Thanks, I actually found a youtube video that was very helpful. I needed to run the legacy installer for Waves Central and that let's me install the V9.2 plugins with the offline installer, the V10 Waves Central doesn't recognize the V9.2 offline installers. So it looks like I'm good now. Thanks for everyone's help. Here's the video:


----------



## rrichard63 (Jun 25, 2018)

sean8877 said:


> I needed to run the legacy installer for Waves Central and that let's me install the V9.2 plugins with the offline installer, the V10 Waves Central doesn't recognize the V9.2 offline installers.


Can you have both the old and new versions of Waves Central installed at the same time on the same PC? Or do you have to uninstall one in order to use the other?


----------



## sean8877 (Jun 25, 2018)

rrichard63 said:


> Can you have both the old and new versions of Waves Central installed at the same time on the same PC? Or do you have to uninstall one in order to use the other?

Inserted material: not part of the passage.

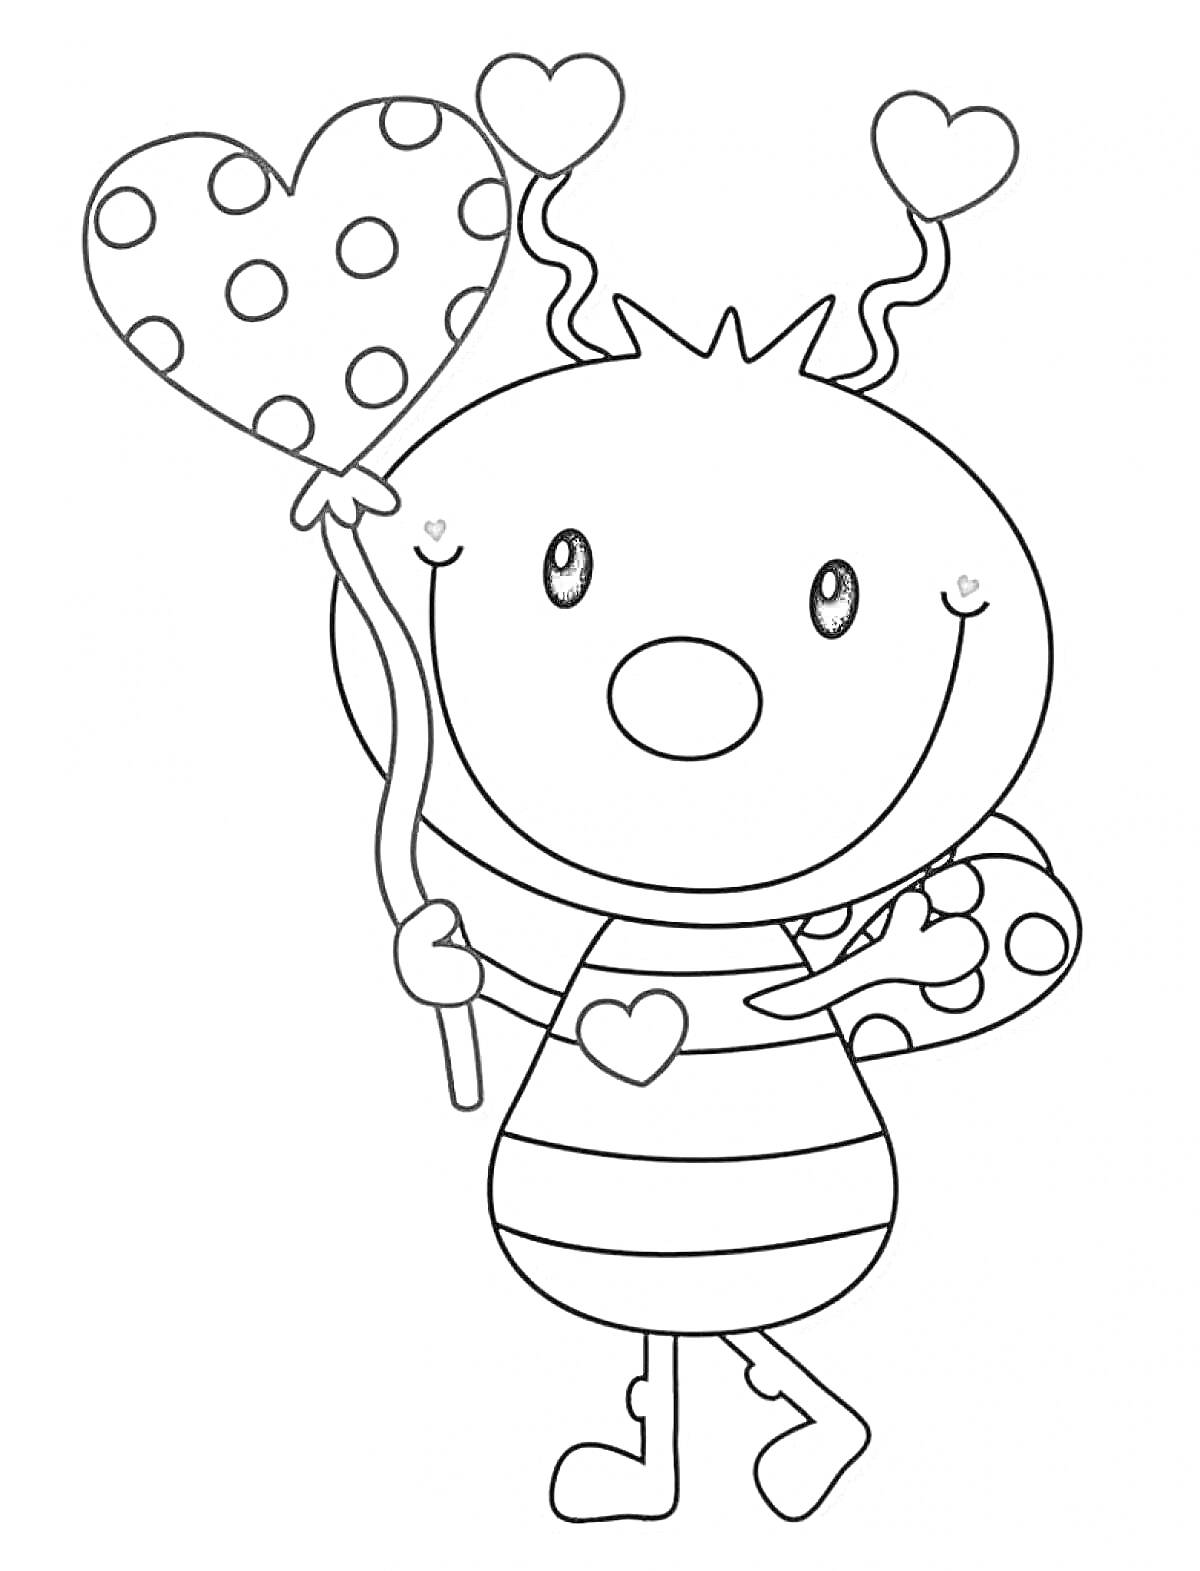 Букашка с полосатым туловищем, держащая в руках воздушный шар в форме сердца

Sorry yes I forgot to mention that you need to uninstall the newer version of Waves Central first and then install the legacy version.


----------



## thesteelydane (Jun 30, 2018)

I bought a new plugin, was forced to upgrade to version 10 to be able to install it, and now I get a no license message for all my version 9 plugins, when I start my DAW, despite the same plugins being fully licensed in Waves Central. What the hell????


----------



## Josh Richman (Jun 30, 2018)

thesteelydane said:


> I bought a new plugin, was forced to upgrade to version 10 to be able to install it, and now I get a no license message for all my version 9 plugins, when I start my DAW, despite the same plugins being fully licensed in Waves Central. What the hell????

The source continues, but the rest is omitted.